346 posts - 594 votes 
Speaks: Czech*

 
 Message 7 of 18
04 February 2012 at 6:51pm | IP Logged 
Sandman wrote:
If you can read French at a near native rate that means you know French vocabulary and grammar well enough to understand spoken French.

You are wrong, the OP is right. Written French is rather different from spoken French, you have to learn spoken French if you want to understand spoken French. (There are no learning materials for spoken French, you have to use native material or travel to France.)
1 person has voted this message useful



Cavesa
Triglot
Senior Member
Czech Republic
Joined 4943 days ago

3277 posts - 6779 votes 
Speaks: Czech*, FrenchC2, EnglishC1
Studies: Spanish, German, Italian

 
 Message 8 of 18
04 February 2012 at 10:06pm | IP Logged 
Of course there are learning materials which can make understanding spoken French easier.
Native materials you mentioned can be used as learning resources as well, for exemple
some movies especially contemporary documentaries, pieces in podcasts or some tv shows.
And there are a few textbooks of spoken or colloquial French, there are even spoken
language dictionaries (there is even a Czech based one).

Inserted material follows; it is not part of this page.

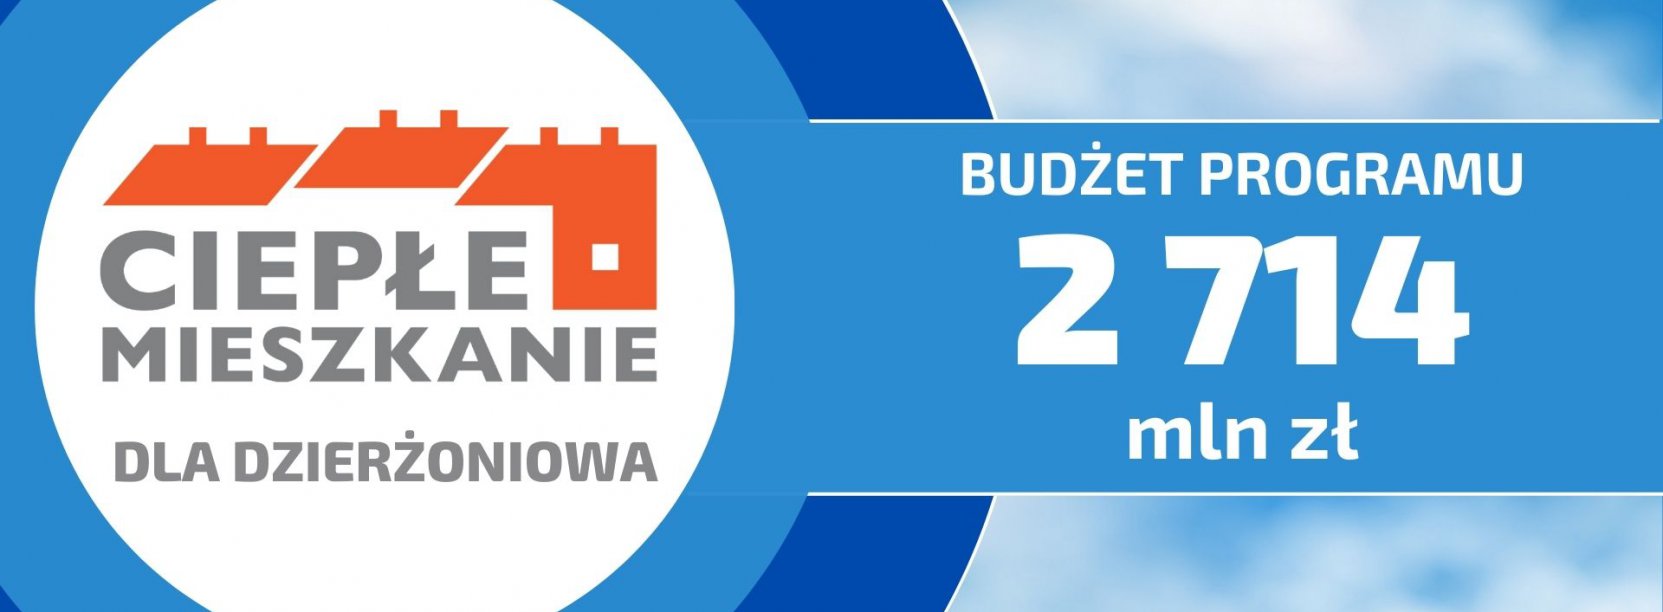 Grafika z napisem Ciepłe mieszkanie dla Dzierżoniowa i budżetem programu w wysokości 2 mln 714 tys. zł.

Of course they offer only
limited help and you'll need to get immersed at some point but saying "there are no
learning materials" is just wrong. There are learning materials for anything but
sometimes need to dig deeper to find them.

I don't want to sound too harsh, LaughingChimp, but I am usually quite cautions before
telling someone on this forum "You are wrong.". The fact that you don't know something
doesn't have to mean it doesn't exist.